Equal parts Stephen King and Steven Spielberg, the story follows a trio of plucky nerds in 1980s small-town Indiana who set out in search their missing friend, Will. As the trail goes deeper, they stumble across an almost-mute girl calling herself Eleven who appears to possess mysterious telekinetic powers and could hold the secret to their pal's disappearance. 

Meanwhile, Will's mother, Joyce, played by Winona Ryder, is convinced her son is trying to communicate with her via electricity, leading the town to suspect she has gone crazy - but then she starts experiencing horrifying supernatural visions.

When the local sheriff runs up against a top-secret government research facility that doesn't seem too keen on his search for the missing boy, solving the mystery behind Will's disappearance becomes a race against time.

The eight episodes run into each other like a film, making the show fiendishly addictive. Producer Shawn Levy told the London Evening Standard he would be "amazed" if viewers could resist binge-watching the whole series. "If they can watch an episode every several days, we've probably failed," he said.

With a John Carpenter-inspired synth score and references to everything from ET to Stand By Me, Stranger Things "is an ode to all things 80s", adds Kate Abbott in The Guardian. It also wins "ultimate nostalgia points" for starring 1980s "It Girl" Ryder.

With a Ghostbusters reboot in cinemas and a remake of Jumanji in the works, there's definitely a "wave of nostalgia at the moment for a certain kind of family-friendly horror", says Tristram Fane Saunders in the Daily Telegraph. Enter the "brilliant" Stranger Things, a "stylish" take on 1980s sci-fi and horror. "Once you've been drawn into it, there's no turning back," he writes.
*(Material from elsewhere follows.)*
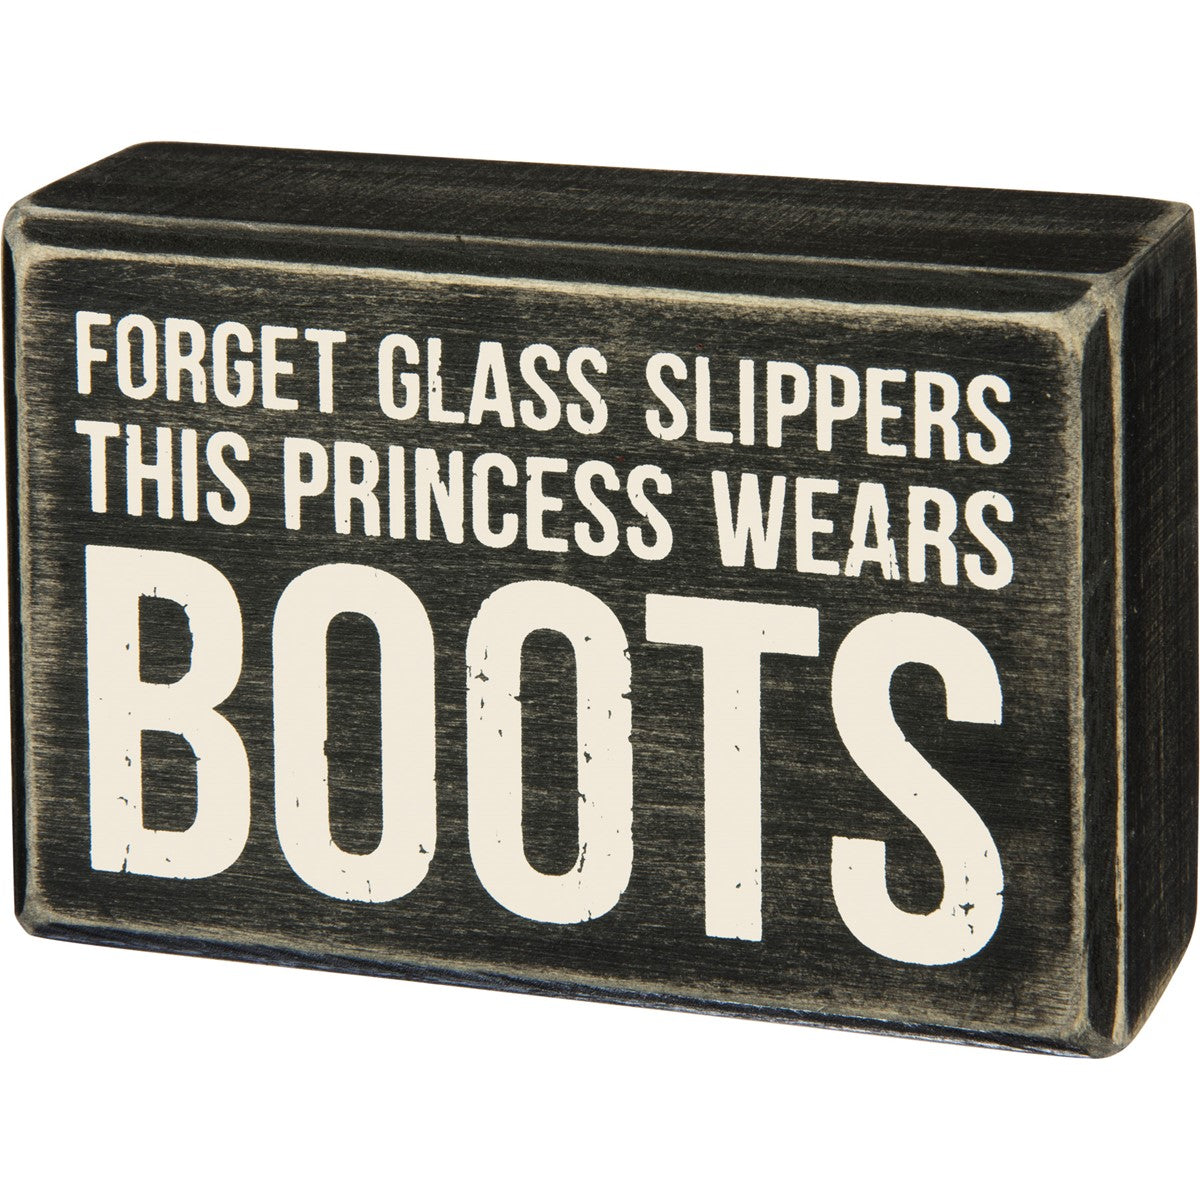 Forget Glass Slippers This Princess Wears Boots Mini Wood Box Sign

But Stranger Things is more than just an exercise in nostalgia, claims Daniel Fienberg in the Hollywood Reporter. The show is a "satisfying, spooky and carefully arced mystery" in its own right, with some unexpectedly strong juvenile performances and a comeback for Ryder.

Sure, "geeking out over shared pop culture experiences is part of why Stranger Things works", the critic admits, but the show also "weaves a good yarn that keeps you guessing" and "avoids becoming trapped or bogged down in mythology".